Morever, Kitayama J, et al. found circulating lymphocyte count was most markedly decreased in the CRT period and gradually recovered by the time of surgery, while the numbers of neutrophils were comparatively stable [14]. We have observed that the NLR was mainly influenced by concomittant chemotherapy and granulocyte colony-stimulating factors during the therapeutic process of chemoradiation. That is, the NLR would like to decrease after concomittant chemotherapy while increase after treating with granulocyte colony-stimulating factors. Therefore, the baseline NLR which is not interfered by any therapy is more important as a prognostic factor for patients.

It should be noted that although the NLR is easy to measure, its utility as a marker of systemic inflammation may be affected by many conditions, including coronary disease [27], metabolic syndrome [28], inflammatory diseases and any medication related to inflammatory conditions in the patients. These limitations must be considered because this is a retrospective study, and no specific data were available about co-morbidities and the cause of death. These variables will influence the specificity of NLR as a prognostic factor in our rectal cancer patient cohort. Another limitation is that 86.9% of the patients in our cohort with stage III have a worse 5-year OS (62%) compared with well-organised randomized clinical trial patients (76%) [29]. This result is likely because our cohort is a routine locally advanced rectal cancer population without strict inclusion criteria for neoadjuvant chemoradiation. Although there was no significant difference in the DFS between the NLR groups according to the multivariate analysis, the difference may be significant with a longer follow-up time and a larger patient population.

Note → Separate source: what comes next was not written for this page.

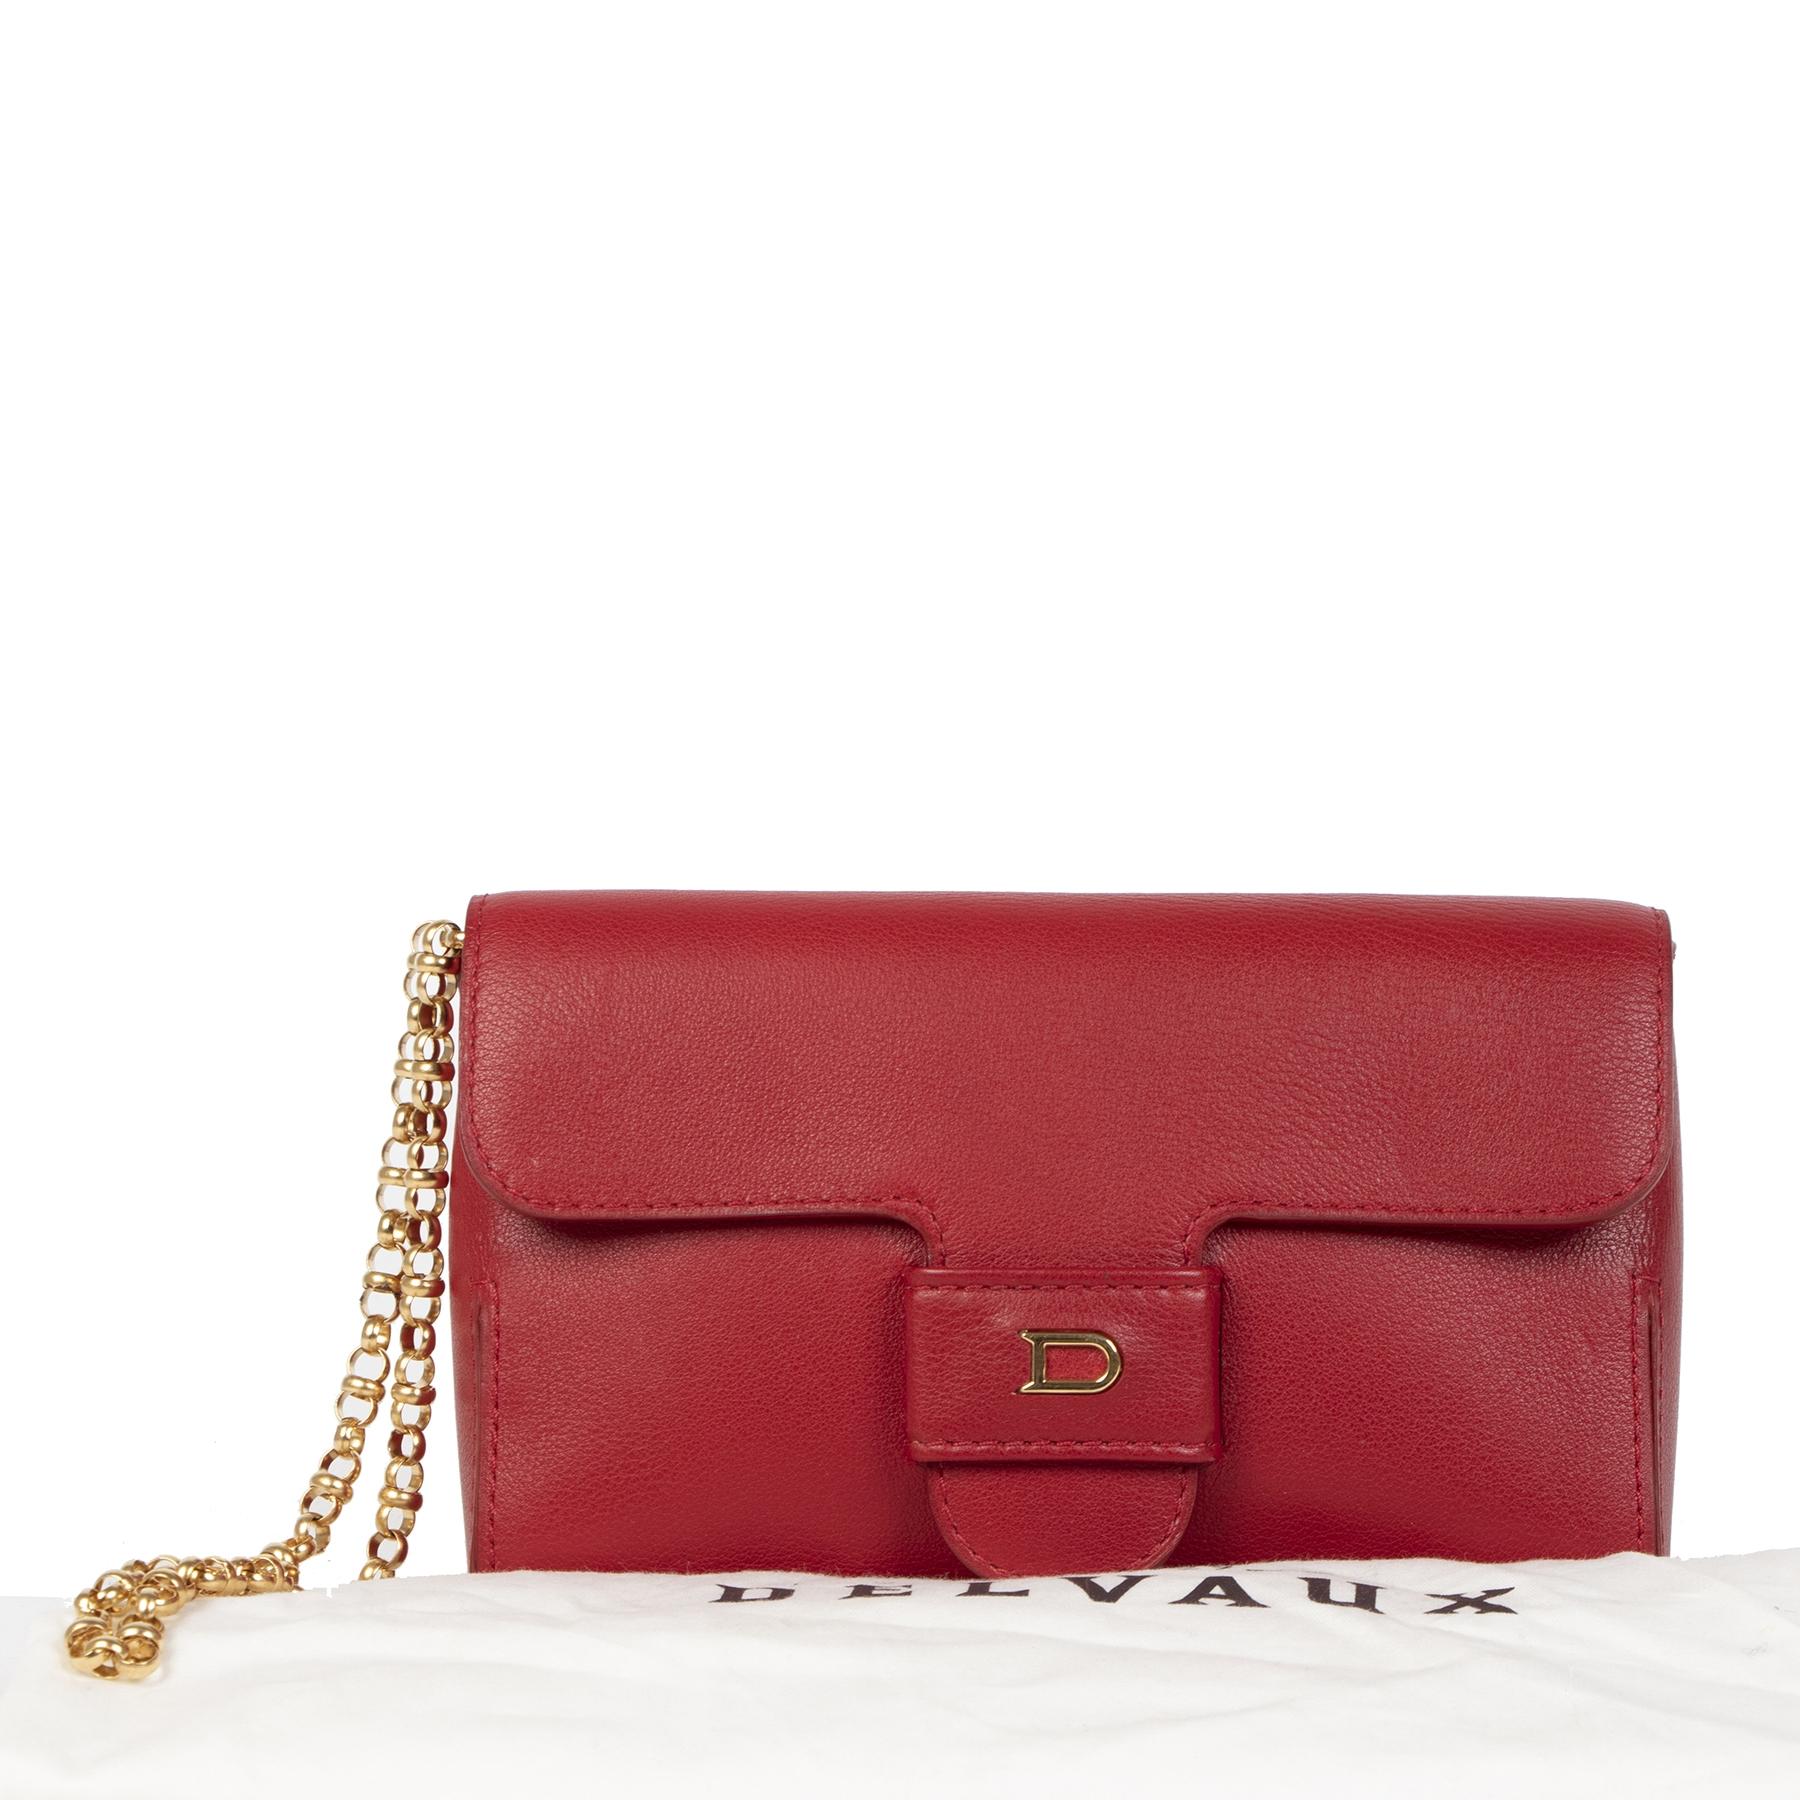 Delvaux Red Chain Evening Bag te koop aan de beste prijs bij Labellov

Even considering these limitations, our data indicate that an elevated pre-treatment NLR may serve as a prognostic marker for risk stratification in locally advanced rectal cancer patients who received neoadjuvant chemoradiation. In addition, tumor response, which is the tumor stage after treatment, and the ability to receive adjuvant chemotherapy remain the most significant prognostic factors for overall survival in the multivariate analysis. In this study, the NLR did not represent a alternate factor for either of them. Although systemic adjuvant chemotherapy is an independent prognostic factor for OS in our study, the benefit of adjuvant chemotherapy remains controversial. The EORTC 22921 study showed that the addition of adjuvant chemotherapy benefited only the group of patients who had a reduction in tumor stage to ypT0-2, while there was no benefit in the group who had no tumor reduction (ypT3-4) [30]. The ongoing NCT01941979 study is the first phase III randomized trial comparing adjuvant chemotherapy and observation for rectal adenocarcinoma patients with ypT3-4, N0-1 after neoadjuvant chemoradiotherapy. The investigator believes that this subgroup of patients will benefit from adjuvant therapy [31]. Therefore, it may make sense for patients with elevated NLR to receive intensive preoperative treatment because the postoperative chemotherapy remains controversial.

Conclusion

In conclusion, our study demonstrated that the pre-treatment NLR may be an independent, significant predictor of long-term mortality in locally advanced rectal cancer patients undergoing neoadjuvant chemoradiation. Large-scale prospective studies and a validation study are warranted to confirm the optimal NLR cut-off value and its prognostic significance.